Saturday, 24 February 2018

Star Trek Discovery - 'The War Without, the War Within' and 'Will You Take my Hand?'

"Well, that doesn't sound very likely."
Okay; let's bring this back home.

Returning to their own universe, the crew of the Discovery are boarded and subjected to involuntary mind meld to find out where they've been and what happened to Captain Lorca. To my great sorrow, this wasn't because they'd managed to transpose the Mirror Discovery and Captain Killy had been up to shenanigans, but rather just because the ship's disappearance was the start of everything going to shit. The Klingons have been running roughshod over Star Fleet, taking out starships and star bases all over the place, but there is one possible saving grace: Fragmented after the death of Kor, the Klingons are not securing territory; for all the loss of life, the invasion could still be defeated; and Discovery has a passenger who can tell them how. Two, in fact.

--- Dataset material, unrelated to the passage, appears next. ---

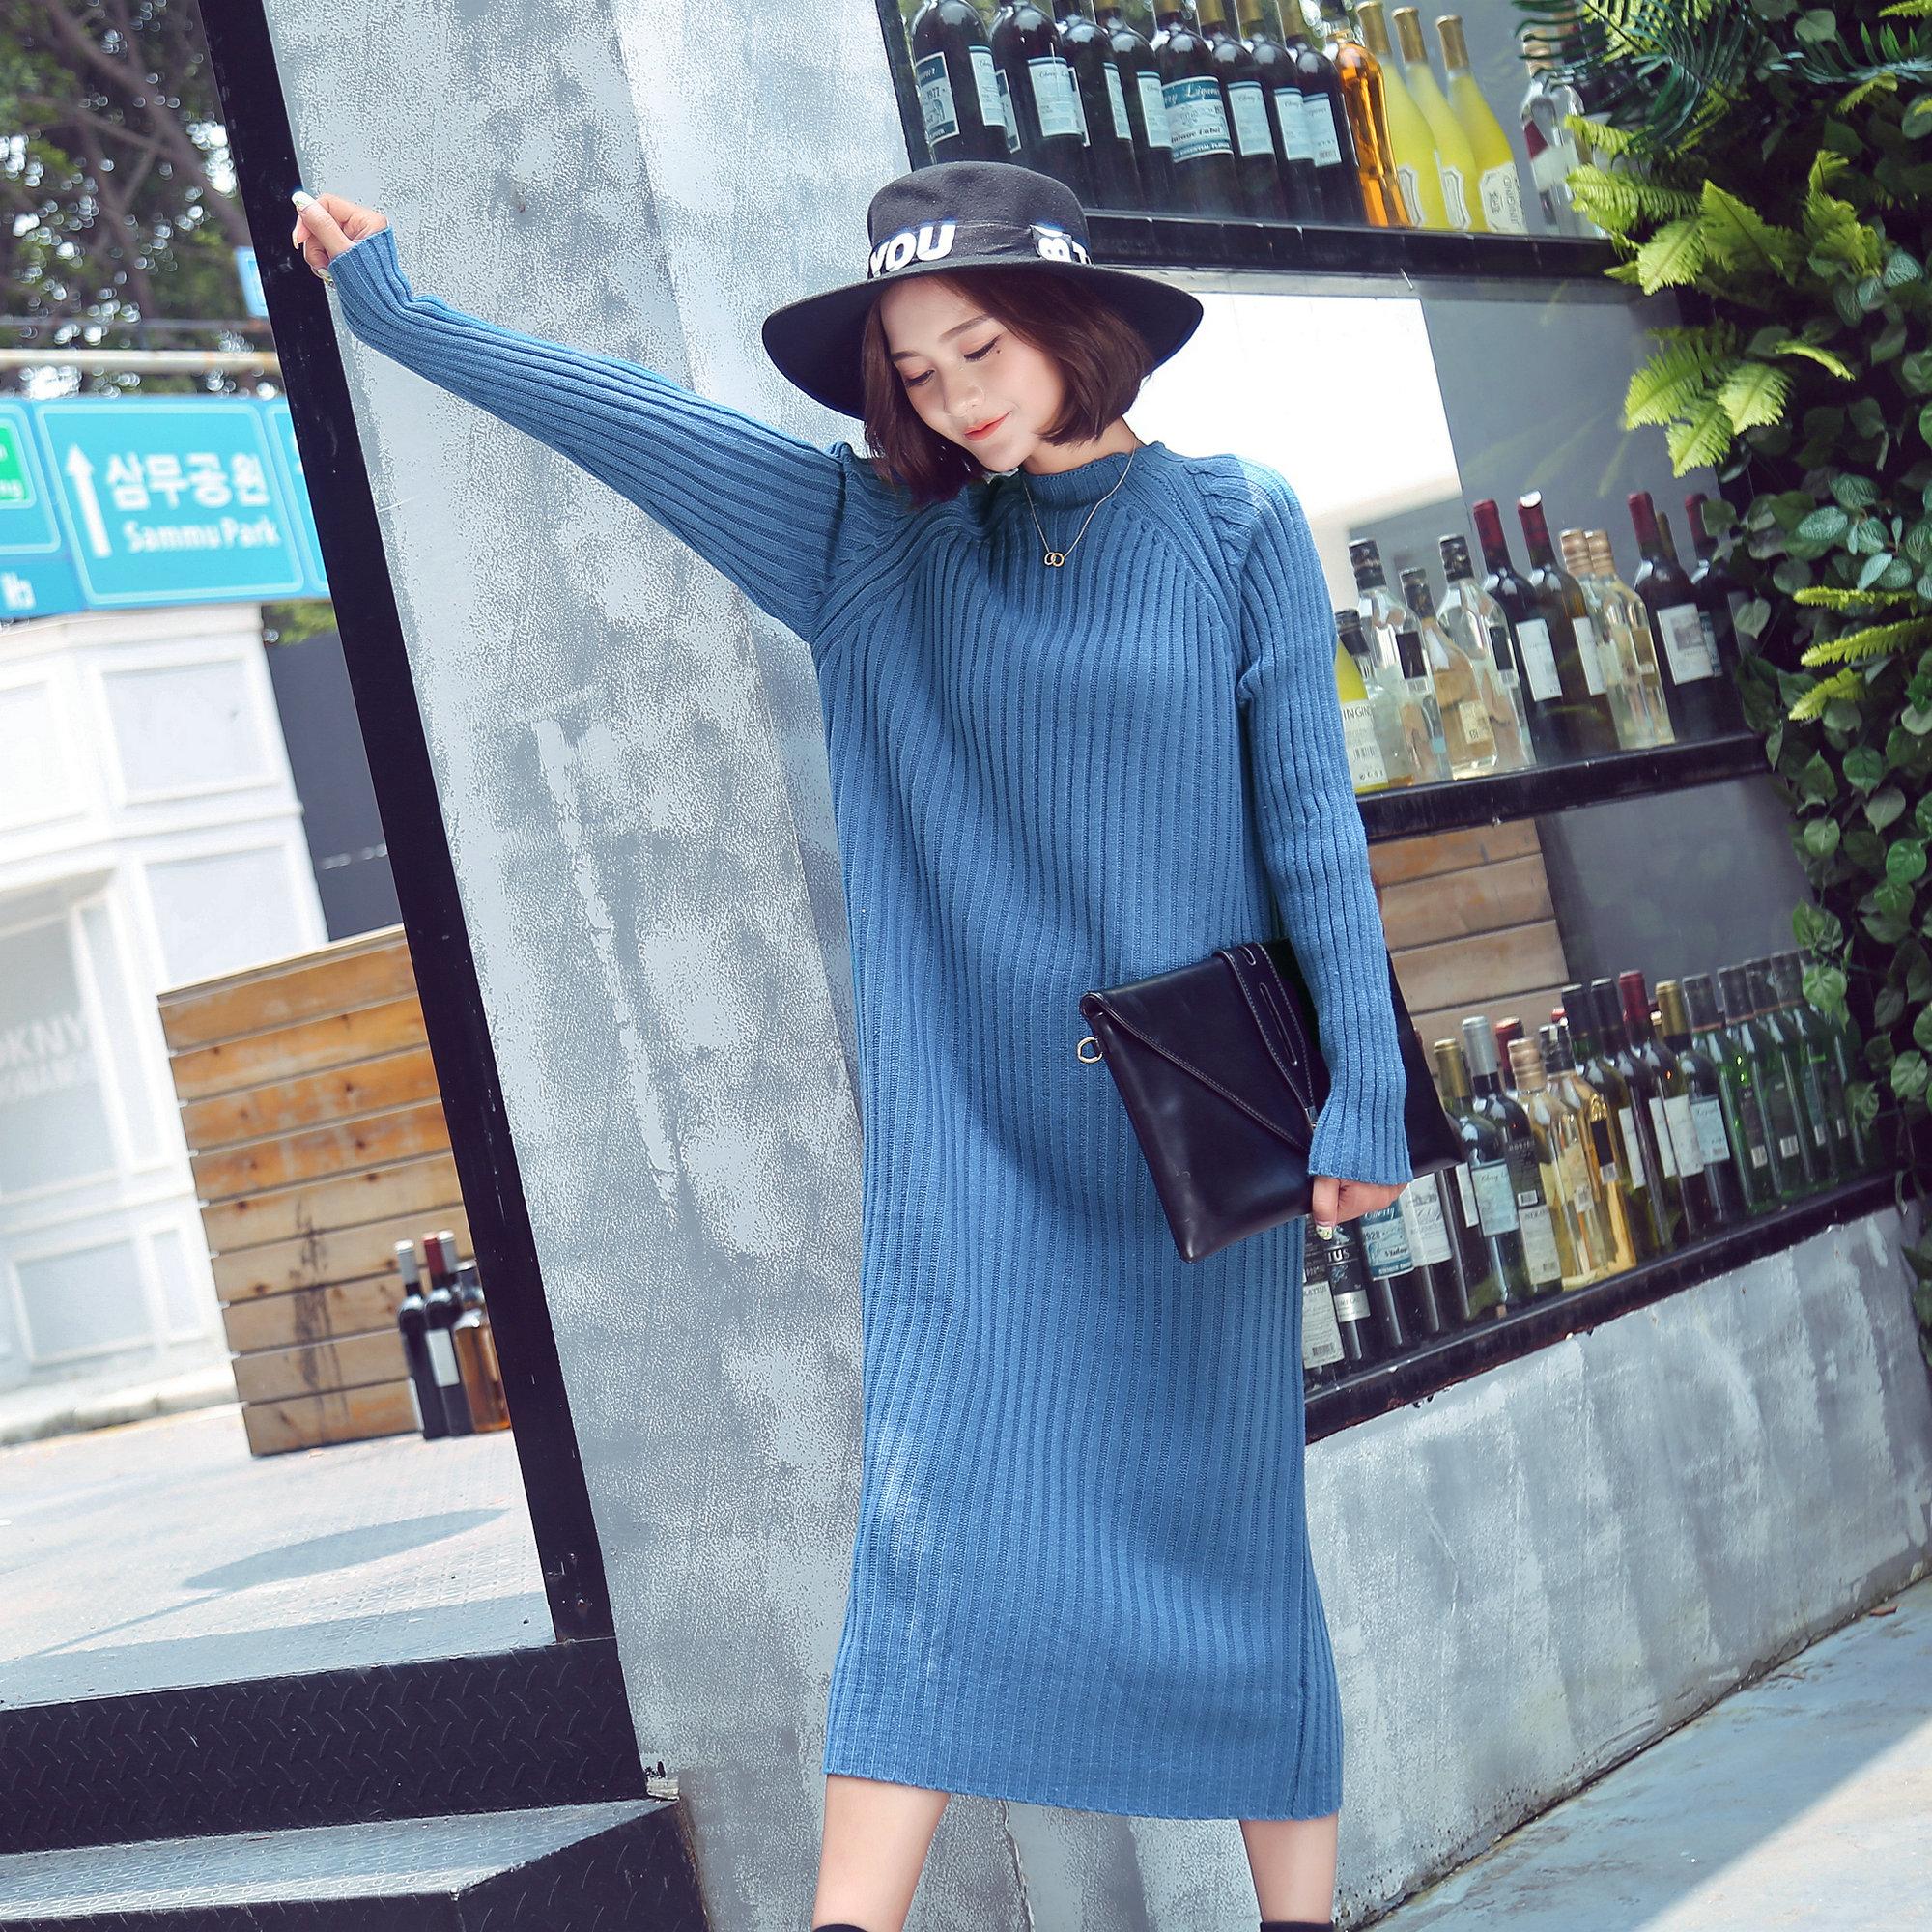 秋冬新款韩版圆领套头加厚大码宽松过膝超长打底针织毛衣女连衣裙

Ensign Tilly. Upholding the Federation way, one dinner table at a time.
Emperor Georgiou crushed the Mirror universe Klingons, and where the prime version of Qo'noS differs from that in the Mirror, they have a new source of information in Lt Tyler. It turns out that what L'rell did was excise the personality of V'oq from beneath the Tyler graft, and now what remains is Ash Tyler with an added layer of Klingon memories (who gets cold shouldered in the mess until Tilly steps up to be awesome,) and for some reason minus the Klingon hyperaggression and muscle endurance; apparently physiology and biochemistry are all in the mind. Anyway, a plan is planned: Discovery will seed a dead world with magic mushrooms, harvest the spores and then jump into the volcanic caves beneath Qo'noS to create a map of the planet's military installations so that Star Fleet can launch their own pre-emptive strike before the Klingons can reach Earth.

I'll be honest, I'm not clear how this actually works. If the Klingons are heading flat out for Earth, then how can Star Fleet get from a defensive line around Earth to an all-out attack on Qo'noS before they arrive and...? I know it turns out that this isn't the real plan, but how does it convince anyone who has to be involved? It takes a special kind of dodgy spatial logistics for 'oh, hey, look! Captain Georgiou is still alive!' to not be the hardest sell to the crew.

Cue the music.
In the finale of the season, Georgiou leads Burnham, Tilly and Tyler onto the surface of Qo'noS to send a mapping drone into an extinct volcano system. This involves infiltrating an Orion trading settlement, so it's green-skinned strip club ahoy! Tyler embraces his inner V'oq in pursuit of a key volcanic shrine, which weirds Burnham out, and while Geogiou gets the intel from a pair of bizarrely knowledgeable hookers - like, no one knows where this shrine is, except for one zealot in the street and a couple of pole dancers - Tilly figures out that they aren't delivering a probe to an extinct volvanic system, but a bomb to an active system, with the aim of utterly devastating the planet in a catastrophic cascade reaction.

Welp; this is gratuitous.
With the planet ready to blow, Burnham confronts Star Fleet Command on this grievous breach of protocol/being a bunch of genocidal dicks. She then ropes in L'rell, shows her that Star Fleet has the power to annihilate the Klingons, and hands over the detonator, allowing L'rell to take control and actually unite the Empire. Having demonstrated that the war with the Federation was not the way to bring the houses together, she urges L'rell to try another way of realising T'kuvma's dream. Tyler goes with her to try to work out his many, many issues, and the rest of the crew are hella heroes. Replete with medals, they head out to Vulcan to drop off Sarek, but are interrupted by a distress signal from Captain Christopher Pike aboard the USS Fanservice... I mean Enterprise.

So, that was Star Trek: Discovery, boldly going where no Star Trek series has gone before. It definitely had a pacing problem, in particular firing off all of its big plot guns over the course of a couple of episodes. I was also disappointed that it took the morally complex character of Gabriel Lorca and threw him hard under the bus, basically portraying him as everything short of a puppy-murderer in order to justify Emperor Georgiou's role as 'the slightly sympathetic one,' when really opposing the Terran Empire should have been a prima facie – albeit not absolute – argument for making a common cause. Then there's the death of Dr Hugh Culber, which still stings, and feels like the miscalculation which will most dog the series moving into the confirmed second season.